Justin Reinicke felt like he was swimming against the tide in high school.
“I just didn’t like the whole public education system,” he said. “I was uninspired.”
His poor grades reflected his disillusionment, and when he graduated he looked for a different path. He worked a few jobs and ended up pouring concrete. A few years passed, and he got anxious.
“After high school I was so relieved: I’m free! But, I knew in the back of my mind that I had potential, and I didn’t want it to go to waste.”
Then, one night Reinicke was watching the Blue Planet series (a BBC production), and had a revelation.
“I thought: That’s it! That’s what I’m going to do. I knew then I wanted to go back to school to pursue my dream I’ve had since childhood of being a marine biologist. It was the turning point.”
He decided to start at BSC.
“I could build up my base knowledge and rectify my grades. This was a huge shift for me. I dedicated myself to this goal. It was one of the best choices I have ever made.”
Reinicke took 18-21 credits per semester, earned straight A’s and two associate degrees while at BSC. He drove the reintroduction of honor society Phi Theta Kappa (PTK) on campus and served as president for two years – a leadership role that helped him earn a scholarship to Hawaii Pacific University (HPU).
“His experiences as a Phi Theta Kappan, especially as a leader, allowed him to be competitive for scholarships. I believe his experience at BSC transformed him into a person who can succeed at other levels and places,” says Dan Leingang, faculty advisor to PTK at the time and currently serving as dean of Humanities and Social Sciences for BSC.
Reinicke double majored in Biochemistry and Marine Biology at HPU, graduating summa cum laude.
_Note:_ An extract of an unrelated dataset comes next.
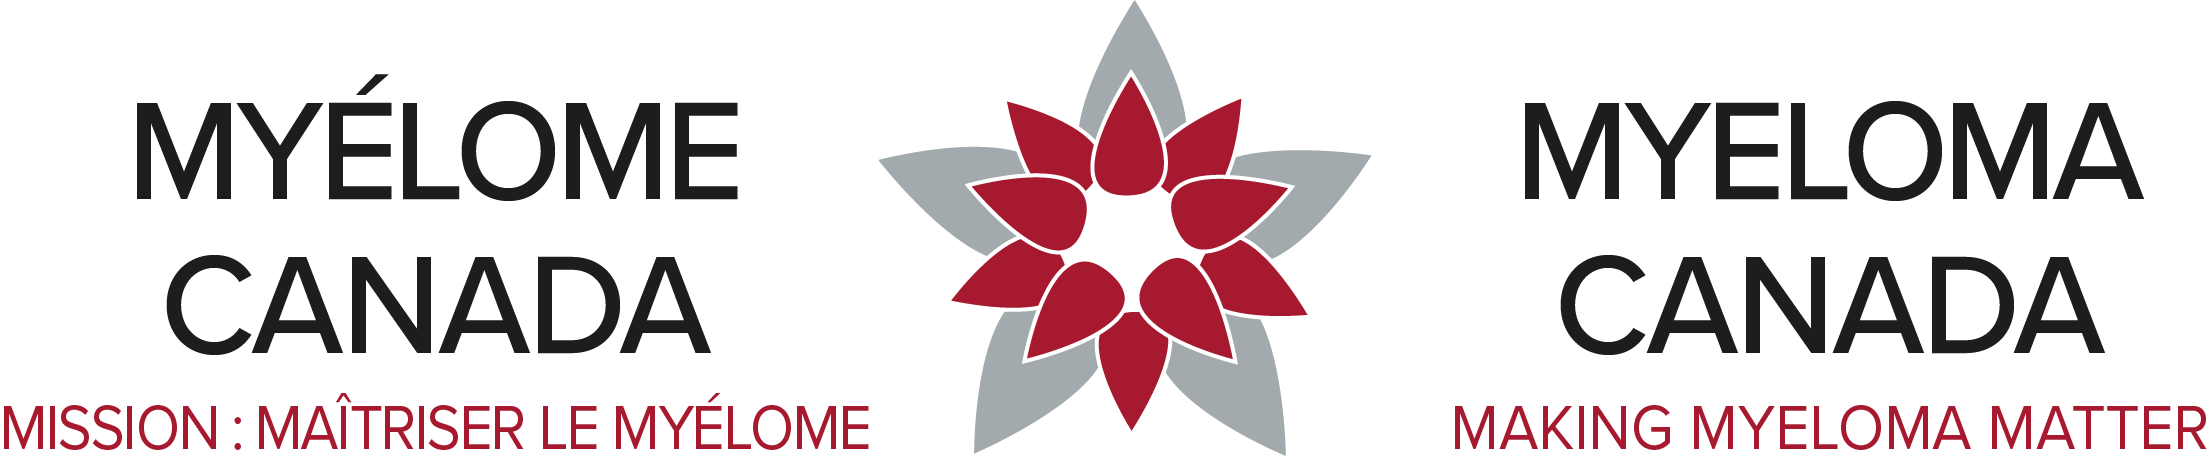 Myeloma Canada Research Grants logo
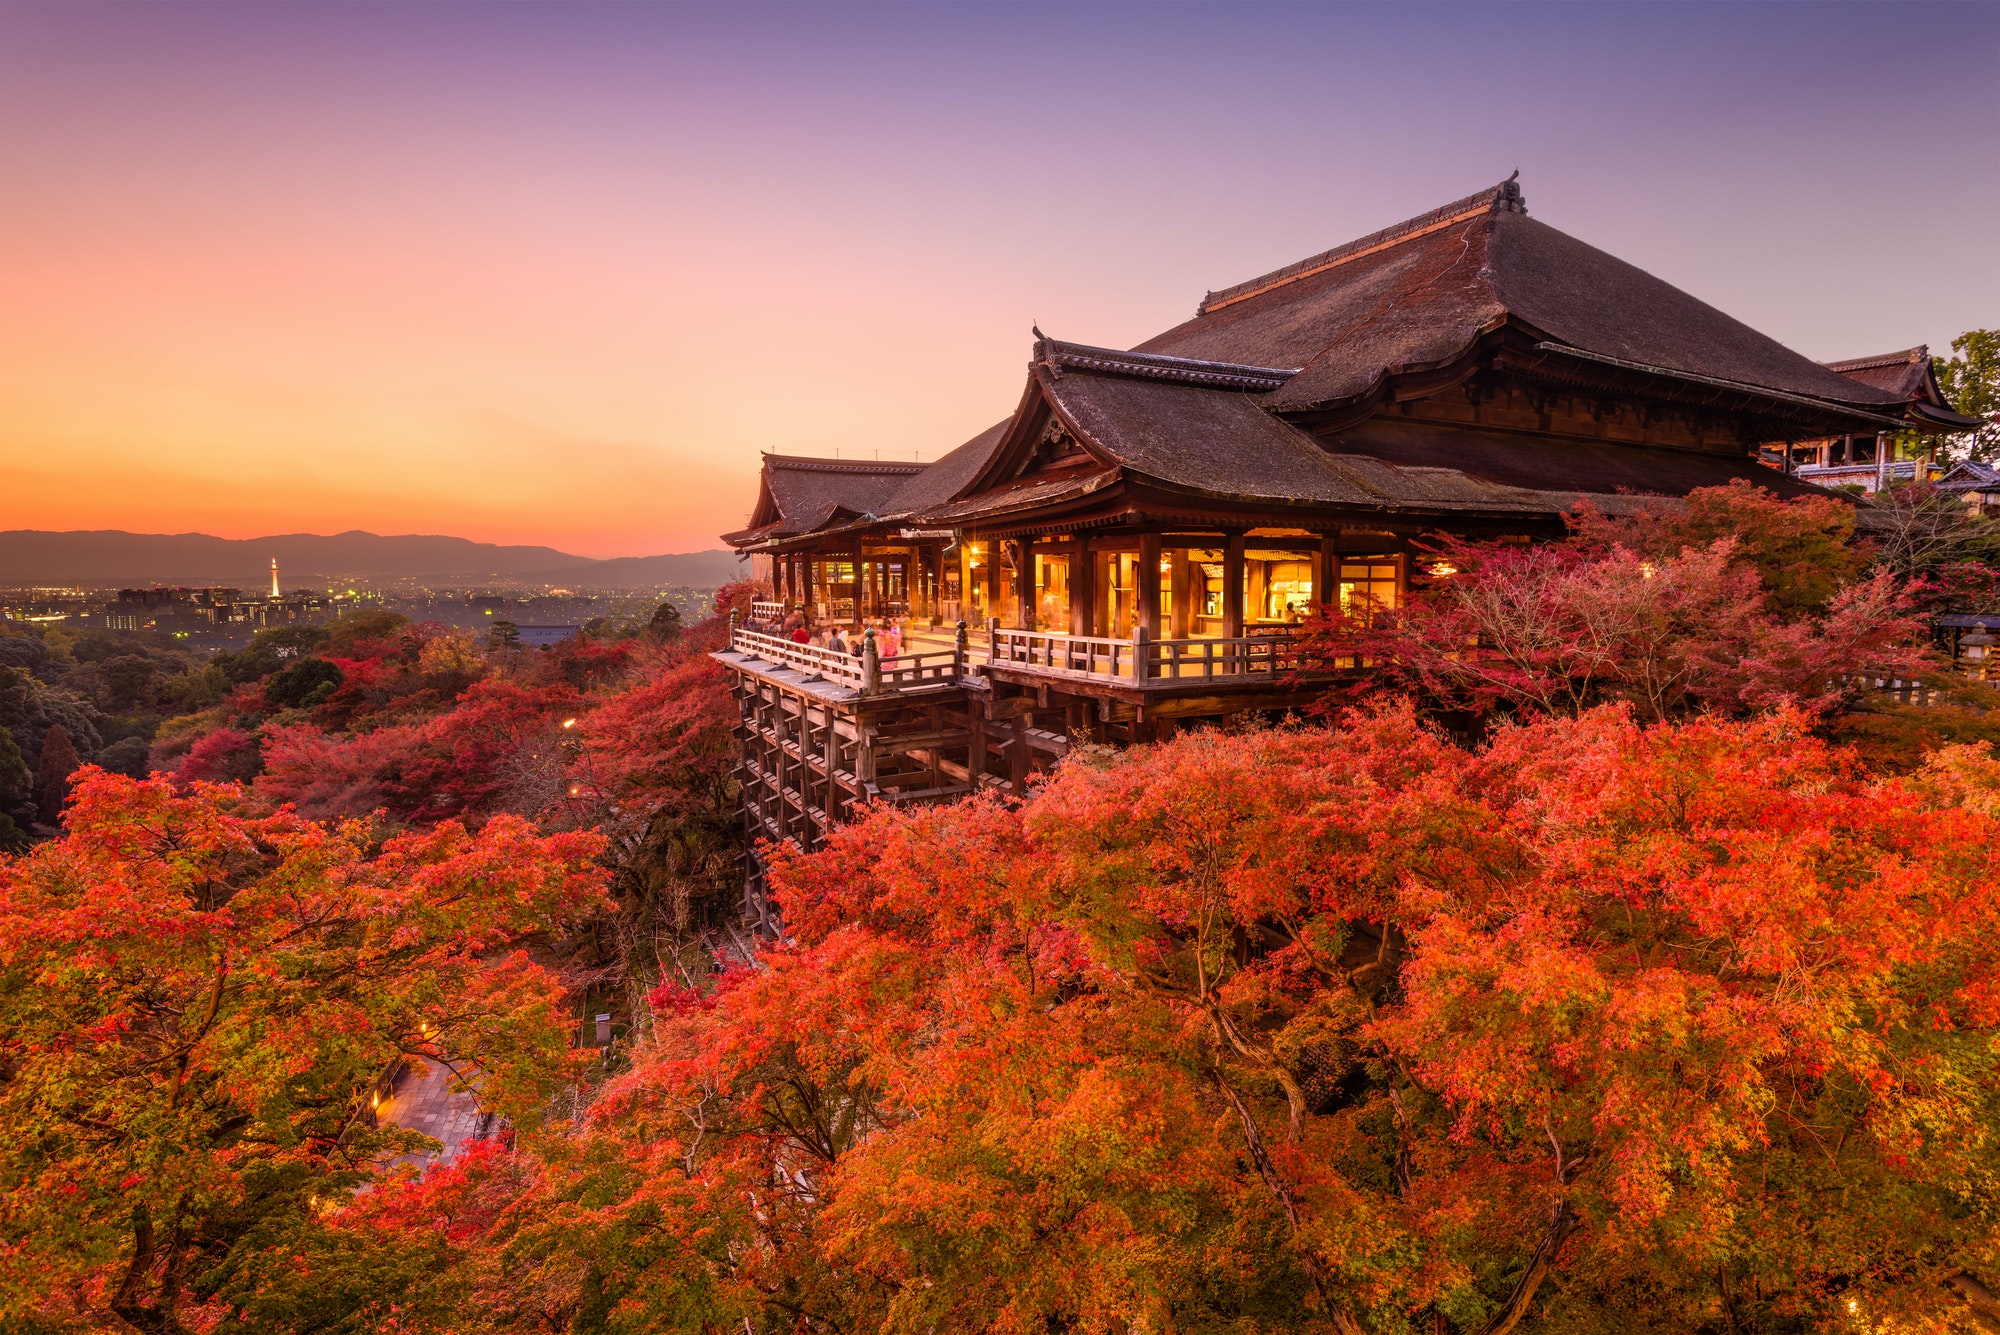 Kiyomizu-dera Temple in Japan

His resume is teeming with honors – National Honor Society, overall outstanding student in Natural Sciences, outstanding student in Oceanography, outstanding student in Chemistry and etcetera.
He says BSC Chemistry faculty Tim Thorstenson, Frank Koch and Mary Ann Durick brought chemistry to life for him, helping him marry the disciplines that have shaped his career to date.
“My whole point to going back to school was to fulfill my childhood dream and get a career that I enjoy,” Reinicke says. Reinicke has researched marine natural products, served as an adjunct instructor and is currently the Instrument Specialist for the Daniel K. Inouye College of Pharmacy at the University of Hawaii at Hilo. In that role, he manages an analytical core facility that facilitates pharmaceutical science research in areas such as natural products and medicinal chemistry.
He’s currently in the process of launching a side business raising marine ornamental fish for the aquarium trade, alleviating the pressure for wild caught specimens.
His lifelong love of aquariums and fishing along with his work with BSC Associate Biology Professor Jean Rolandelli on the saltwater aquariums in Schafer Hall, inspired his fish breeding venture.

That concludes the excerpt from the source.